Tuesday, 22 June 2010

Another survey on employee retention. Another load of nonsense.

Like all of you, my e-mail inbox is regularly filled with the 21st Century equivalent of advertisements for snake oil.

Personally, I'm not in the habit of sending off for miraculous herbal medicines, teeth whitening compounds or guaranteed weight loss treatments. Nor am I generally inclined to provide my personal banking details to charming gentleman from Nigeria who (for some unfathomable reason) wishes to deposit large sums of money into my account.

I tend to regard these too-good-to-be true offers with a healthy dose of scepticism and suspicion.

But I am becoming convinced that many of my colleagues in HR must be taken in by such incredible offers if recent news items are anything to go by.

The particular item that has led me to this conclusion is the widely circulated report that apparently 59% of British employees are seriously considering leaving their current job.
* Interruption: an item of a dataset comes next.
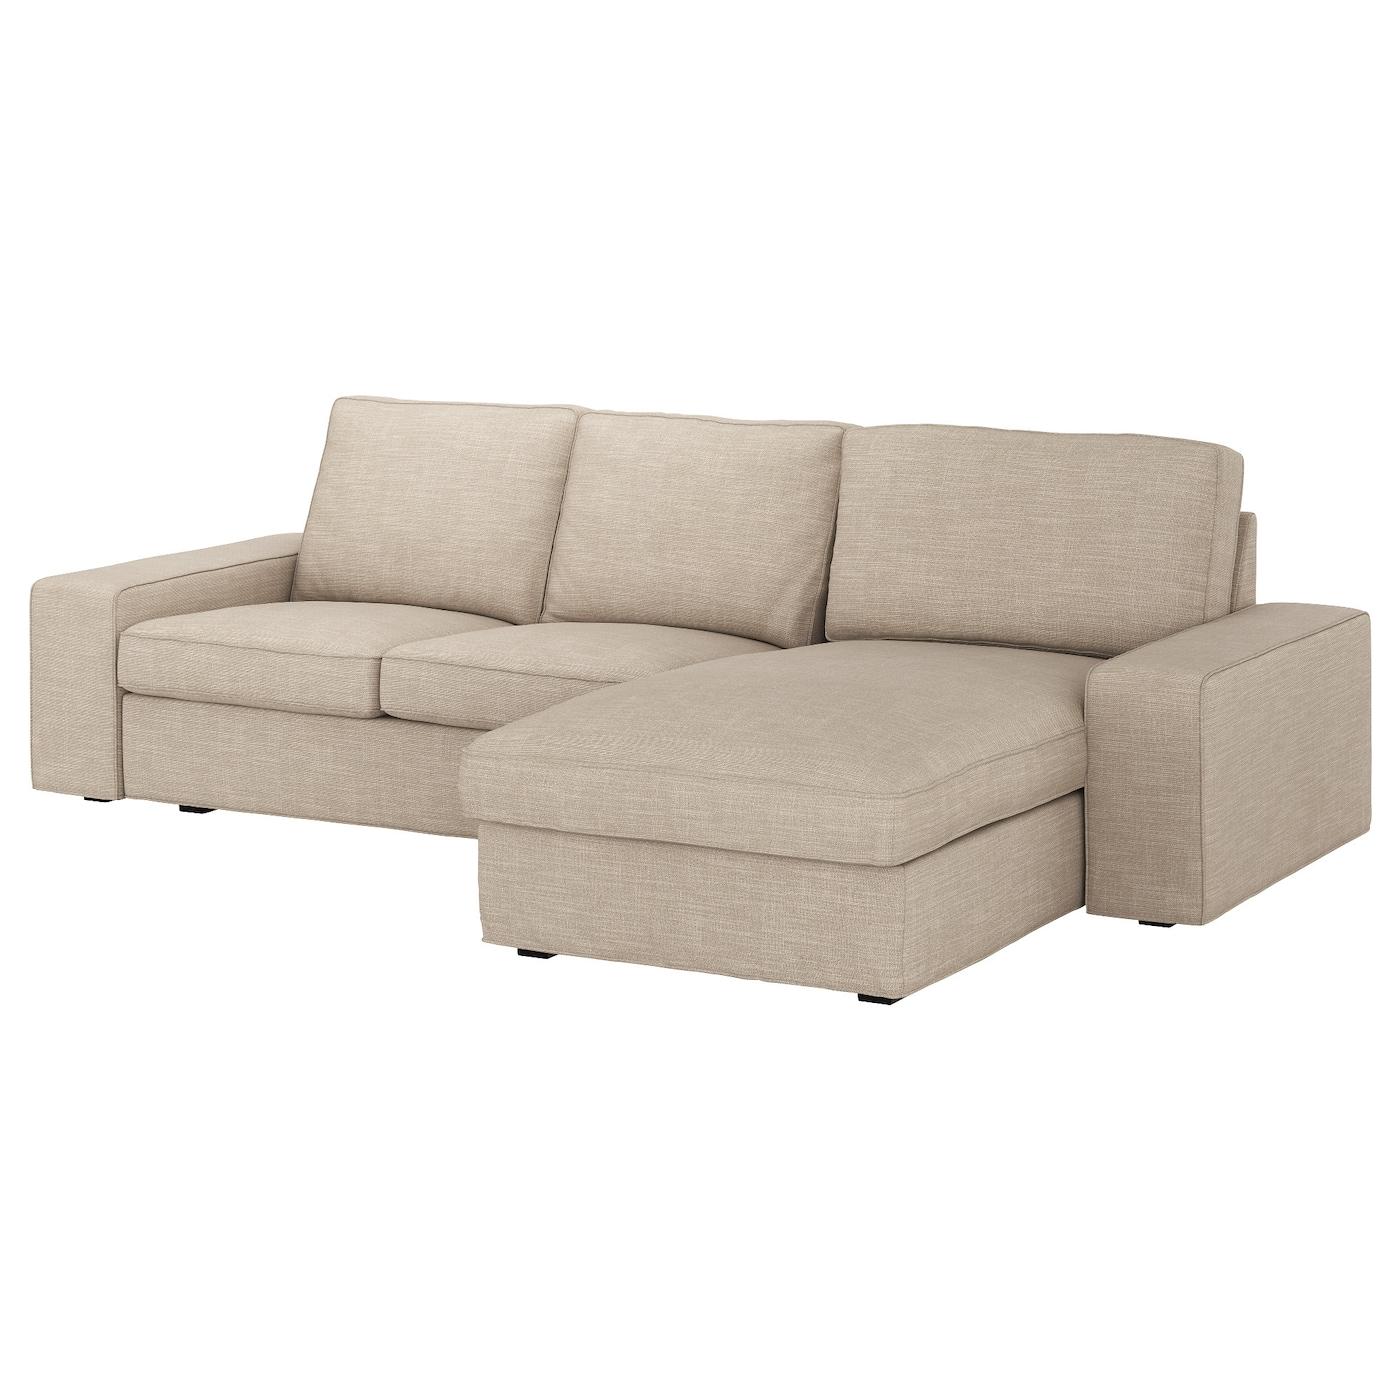 Three Seater Sofas | IKEA Ireland - Dublin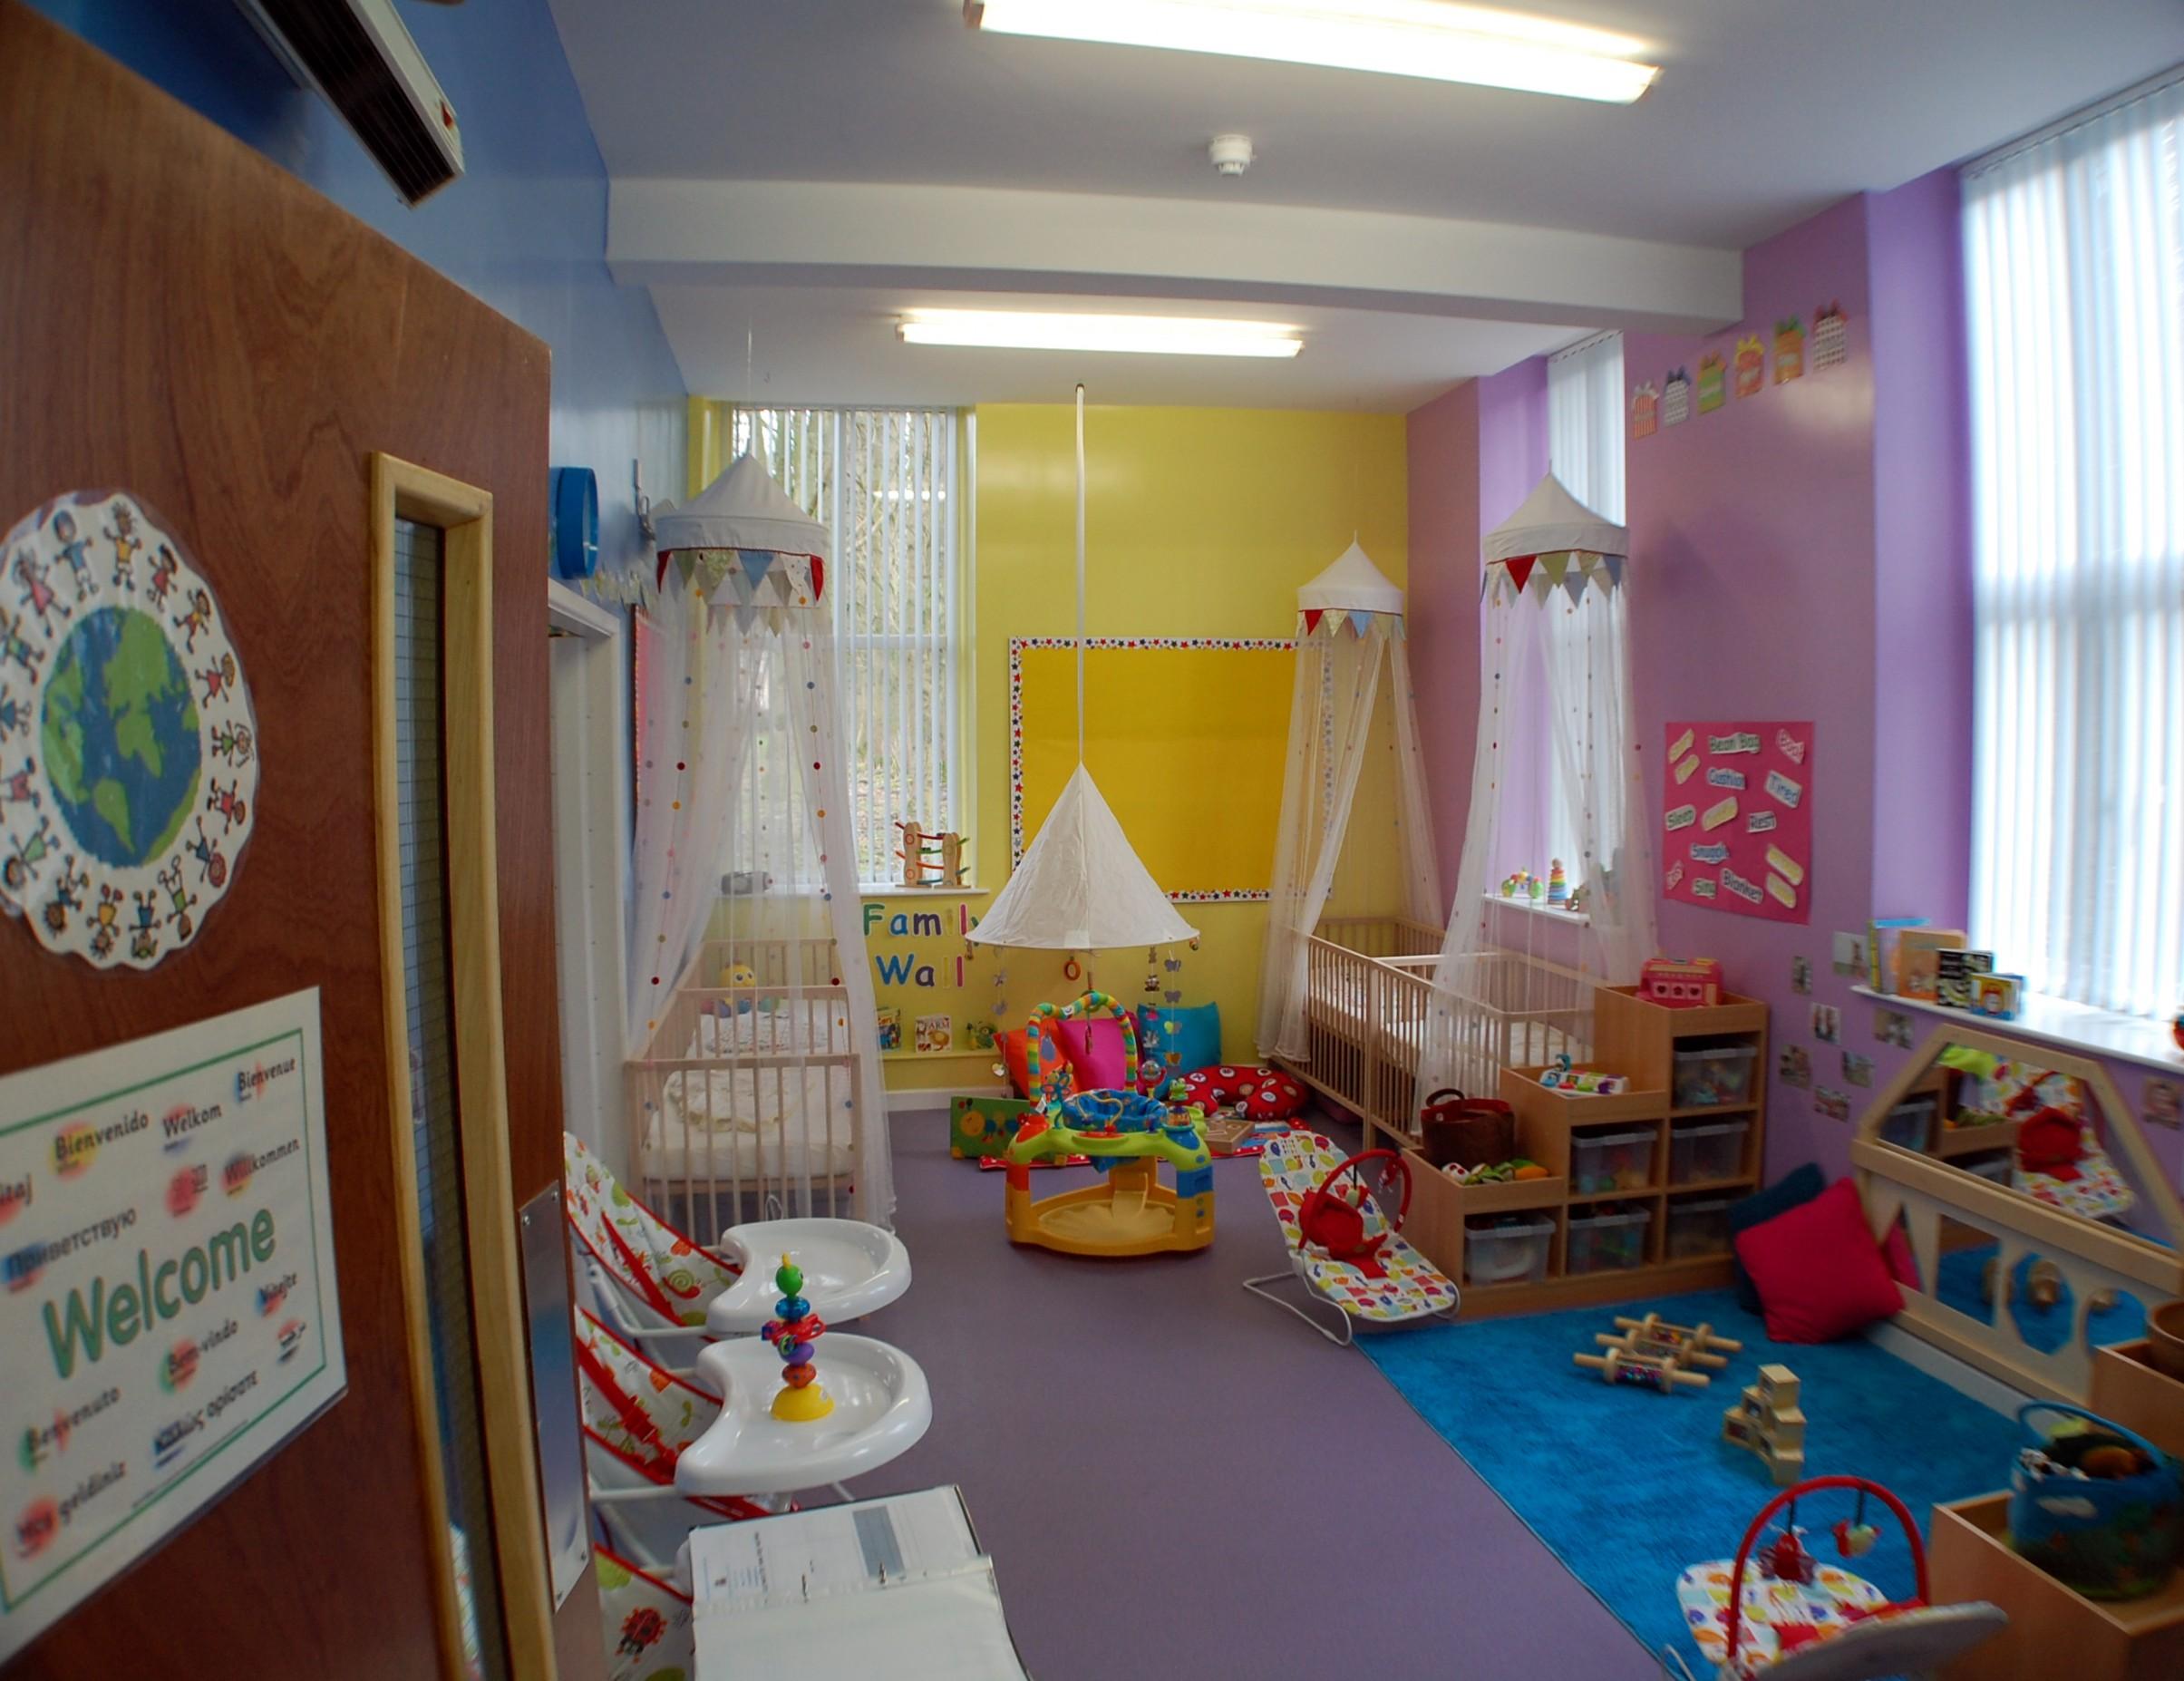 Rooms  Diggle Day Nursery  Oldham - Baby Room Huddersfield

Hay Group: Employee engagement and enablement critical as companies face mass employee exodus in 2010

Readers of HR Case Studies will (of course!) be aware that a similar survey in January of this year indicated that a mere 33% of employees were dreaming of pastures new. Why the figure has almost doubled in six months isn't addressed in the Hay report, but then cross-referencing against earlier surveys isn't a regular feature of such pseudo-sociological studies, is it!

HR Case Studies: Bumper year ahead for HR Professionals and Recruiters

To save readers the trouble of recalculating the impact of the Hay survey (should the the highly unlikely predictions prove to be correct), here's what we all have to look forward to:

According to the International Labour Organisation, the general level of employment in the UK amounts to 29,475,000 individuals aged 16 and over.

That therefore means that if 59% of this population moves jobs, 17,390,250 individuals will be on the move in the second half of 2010.

Assuming that the mass exodus only starts on July 1st, that means that this year 95,289 posts will need filling each and every day (with a corresponding number of exit interviews and inductions). Cancel the holiday, HR Managers!

That's 476,445 “Sorry you’re leaving” and "Good luck in your new job” greetings cards cards to be sent each week. (Note to self: must buy shares in Clinton's Cards)

Even continuing to assume that each departing employee receives the stingiest of leaving presents (a Parker Jotter Ball Pen (stainless steel with chrome plated trim, priced £3.49)) this still amounts to a boost of £60,691,972 to the economy.

Perhaps the new UK coalition government have missed a trick here in not increasing tax on beer, as if each departing employee invites 10 colleagues for a swift pint at the local pub to mark their departure, that’s 173,902,500 pints of beer to be commemoratively swilled away. At an average price of £2.60 per pint, that’s a staggering £452,146,500.

We all need to feel the deepest sympathy for the growing community of cyber-recruiters. Assuming a miserly 20 applications for each vacancy that needs filling, that’s still 347,805,000 CVs to sift during the course of the year. Sorry candidates: if you think the service you get from recruitment consultants is rubbish now, just wait until the pace heats up!

Clearly all the above is an entire fiction, dreamed up in the over-fertile imagination of a marketing consultant in a company that would love such a forecast to become reality.

Wouldn't it be wonderful if, when the responses to such a survey were analysed, the commissioning organisation took off the rose tinted spectacles, furrowed the brow and expressed a degree of disbelief in the results?

Perhaps it would be too optimistic to expect them to accept that the survey had been so poorly constructed that the results were utterly worthless.

But no, the silly questions were asked, the silly responses given, so the silly report needs to be unleashed on a credulous population.

So, my dear HR colleagues, can I make a plea for a modicum of restraint before passing on such "interesting" but nevertheless pointless examples of essentially advertising copy?

If such restraint eludes you, just send me details of your bank account, and in return I'll forward you a packet of my patent restraint-increasing tablets. Any similarity to Trebor Mints is purely coincidental.